Steve Jobs was an intellectual giant, recollects Ron Wayne
Ron Wayne said he knew that the company would be a rollercoaster, and also very successful.
“They were absolute whirlwinds aside from the fact they were intellectual giants, which I recognized, and it was like having a tiger by the tail; you can’t hang on and you can’t let go,” said Wayne, 77, in an interview.
“If I’d stayed with them, I was going to wind up the richest man in the cemetery, so I figured it was best for me to go off and do other things.” Jobs, who passed away Oct. 5 at age 56, started showing off their computers with Wozniak, now 61, at the informal Homebrew Computer Club in 1975.
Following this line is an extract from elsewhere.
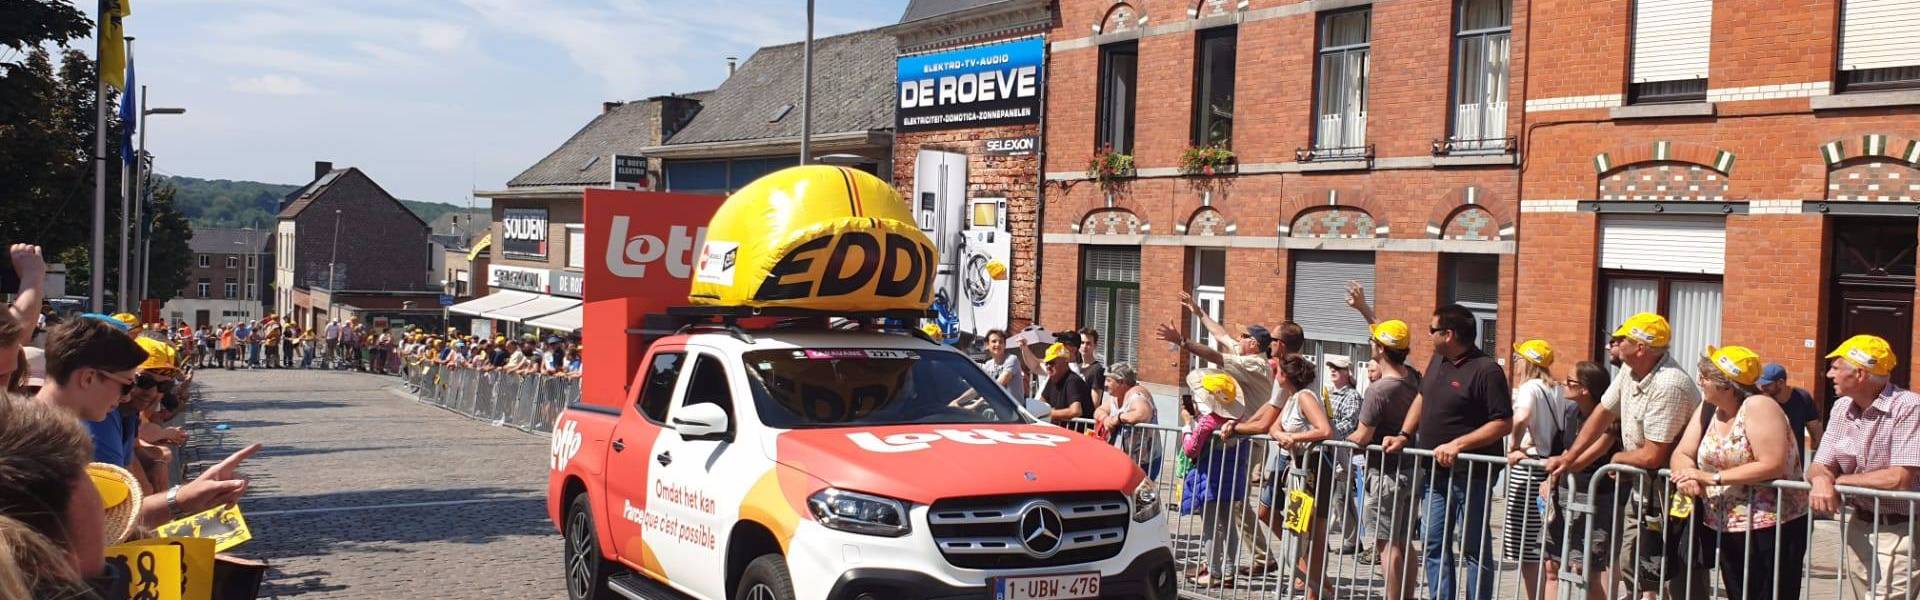 Large inflatable promotional material | X-Treme Creations inflatable yelllew cap Eddy Merckx  with Lotto branding on the sides in the heat of the action during a classic Belgian cyclist race produced for the Nationale Loterij Lotto E-Demonstrations X-Treme Creations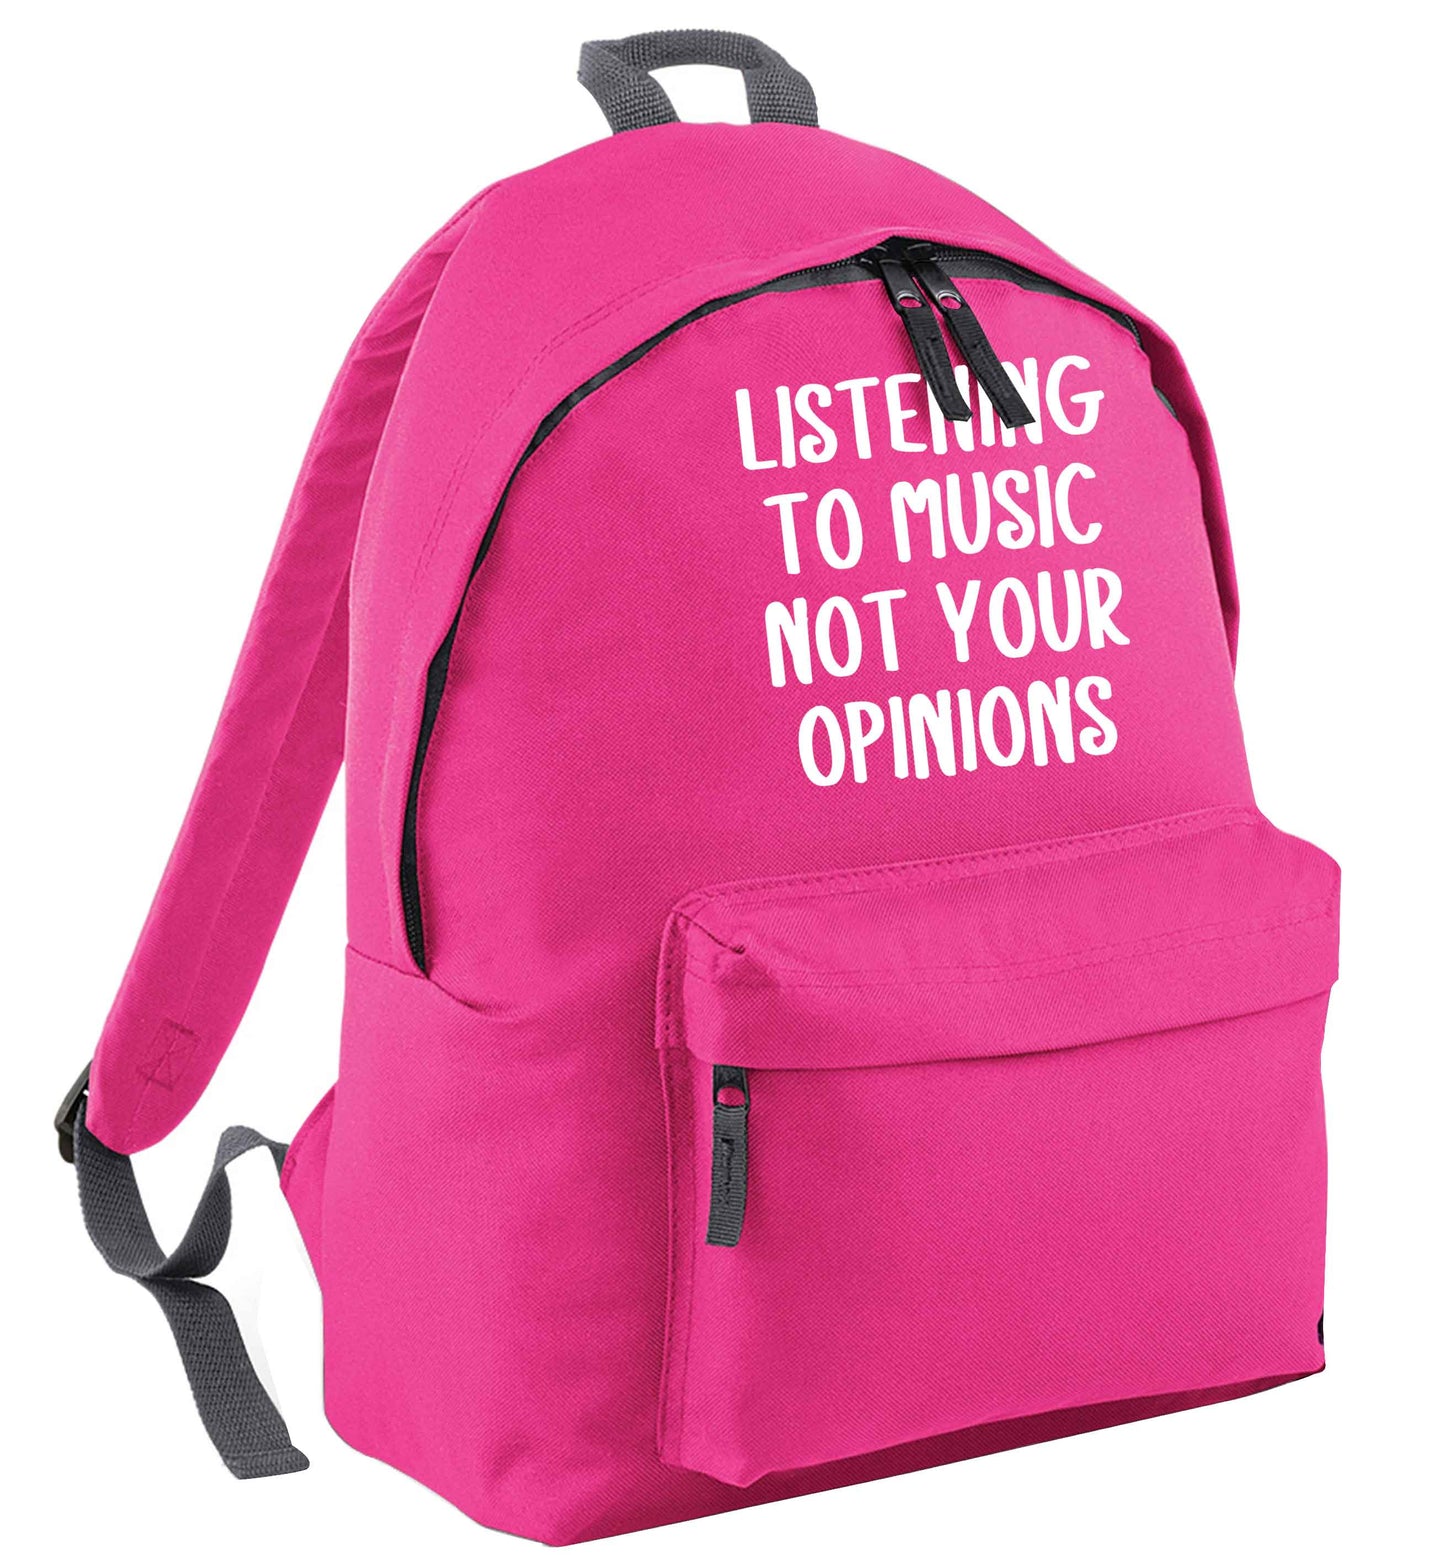 Listening to music not your opinions pink adults backpack

Wayne, a colleague of Jobs at games maker Atari, helped settle an early dispute between the two founders, prompting the younger Steve to offer him a 10 percent stake in the venture to lure him aboard as a “tiebreaker” between the two.
“He had more of a mature, adult mentality and he had strong formulas of how things go and how companies are run and how they go right and how they go wrong,” Wozniak said of Wayne in an Aug. 25 interview with Bloomberg Television after Jobs resigned as chief executive officer.
Jobs had introduced Wayne “as a person that we could trust as an intermediary,” Wozniak said. “I was very, very happy to participate with him for the thrill and excitement of being part of something that was really possessed of enormous promise and something that I felt was going to be very, very successful,” Wayne said of Jobs.